Mind you that’s 38% after a few weeks, might be pretty close to zero after a few months.
Anonymous
Anonymous wrote:
Anonymous wrote:The Moderna efficacy was pretty bad. I don’t see how the FDA can grant an EUA for a vaccine that is less than 50% effective. I don’t think you should pin your hopes on this.


In that case the health officials should come out firmly against quarantines and masking for kids under 5. Daycares/preschols should return to pre-covid illness policies. If it doesn't make sense to vaccinate kids until they turn 5 so be it! But I cannot take another 2 years of the status quo until my DC turns 5.


This
The daycare quarantines are really doing us in. My 2yo has been quarantined 6 times in the past 18 months. That’s 12 total weeks of lost work time for us, when she’s never even gotten sick from the exposures…plus additional time when she actually caught RSV last summer.
Oh, and that RSV illness WAS due to an outbreak at her daycare…no quarantine for that, though, and it spread like wildfire in the infant and toddler classes.
Anonymous
Welp, it’s officially the second half if April now so guess Pfizer isn’t sharing data in “early April” as they previously said. And so much for Moderna “within a few weeks”. It’ll be four weeks on Wednesday. I get that things change, but the lack of any kind of update is so unacceptable.
Anonymous
Pfizer CEO said yesterday on a podcast that he was hopeful for June. Not that you can believe anything they say anymore.
Anonymous
I reject the idea this is being “mishandled”. Pfizer and Moderna both have strong incentives to get these vaccines approved. The FDA has always had these standards for pediatric vaccines — you have to prove that the benefits outweighs the risks. It’s not unreasonable.

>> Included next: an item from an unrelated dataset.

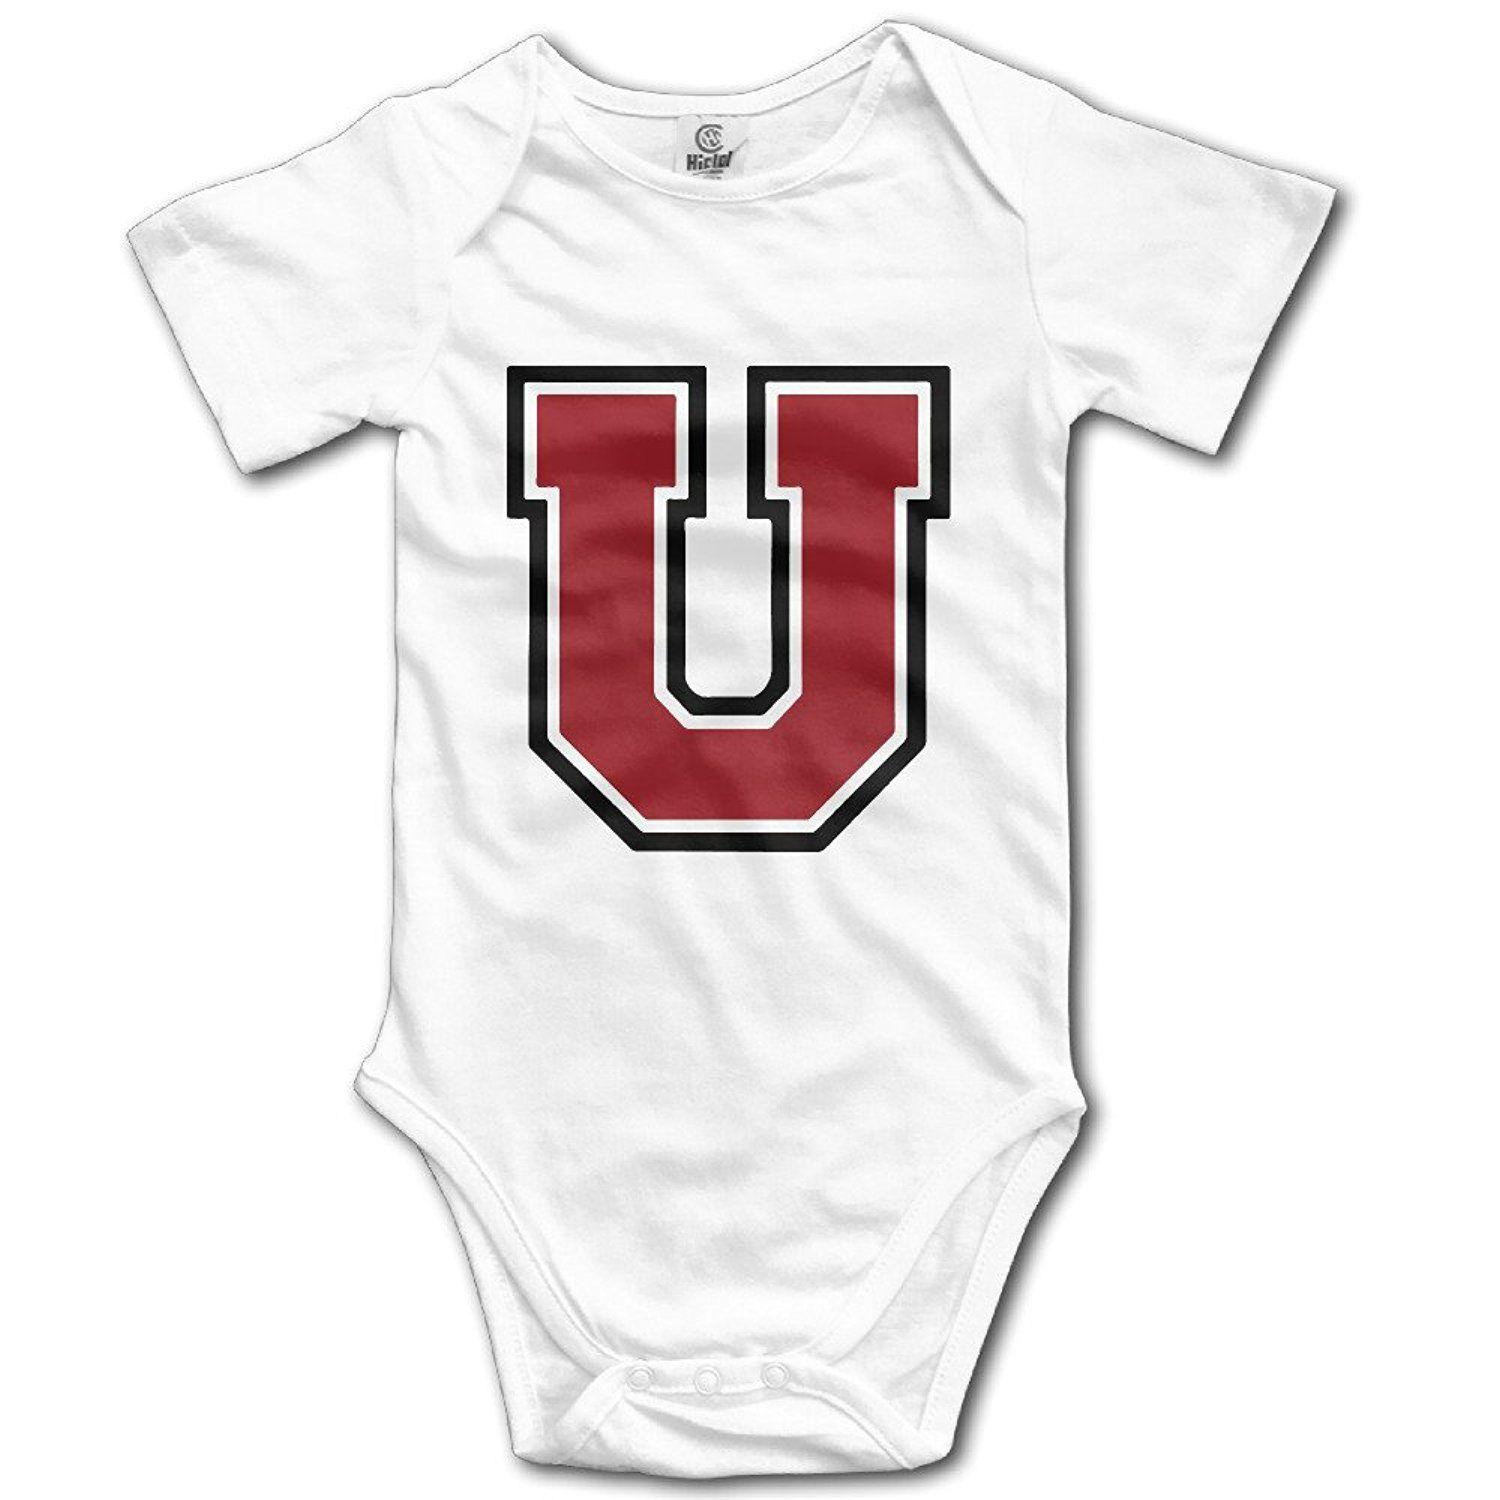 Union College Dutchmen Logo - Buy Baby Boys Union College Dutchmen 1 Logo Romper Jumpsuit Bodysuit
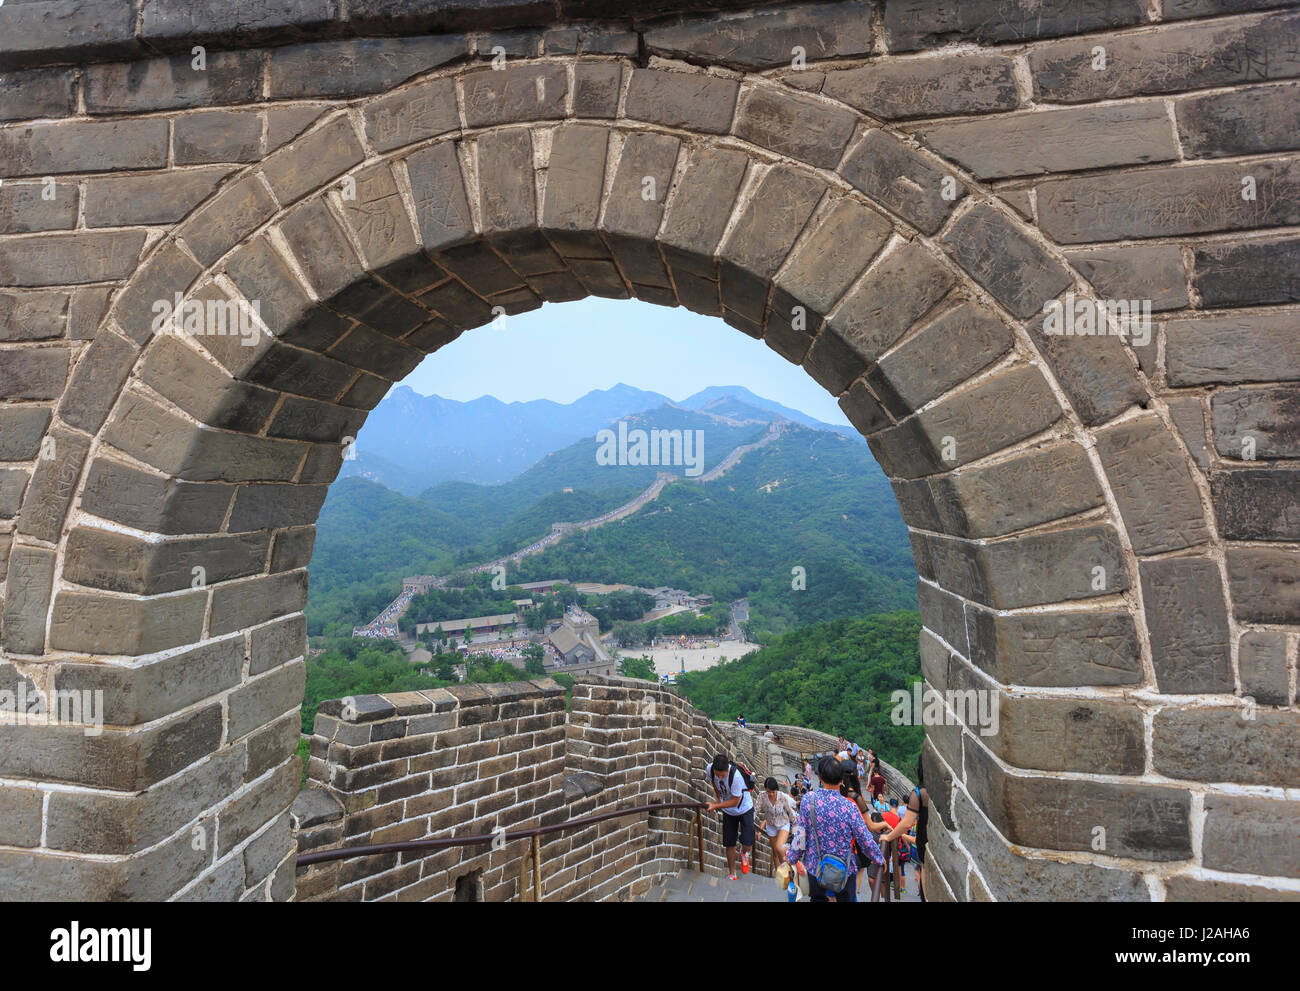 Die große Mauer, moderne Seven Wonders Of The World, Qianjiadian Scenic Area, East Teil von Yanqing Geopark, in der Nähe von Peking, China Stockfoto

The truth is that it is hard to argue in favor of vaccines for this age group because their risk from Covid is so low. The reason Pfizer/Moderna went with such low doses in the trials is that higher doses will result in many kids spiking fevers as a side effect, and fevers in young kids can be very dangerous. Even if only a small percent of those fevers were dangerous, a higher dose vaccine could potentially pose more risk than Covid itself.

Thus the low dose trials, and the low efficacy. Compounded by the fact that the data in the trials is likely noisy because even in the control group, Covid rates are so low, and asymptomatic or extremely mild Covid is much more common than more serious cases. This makes it incredibly hard to show that vaccinated kids experience a benefit. Because they might not!

It’s not done grand conspiracy to keep you from vaccinating your child. It’s not incompetency. It is the normal and appropriate approach to approval of a vaccine for very young children.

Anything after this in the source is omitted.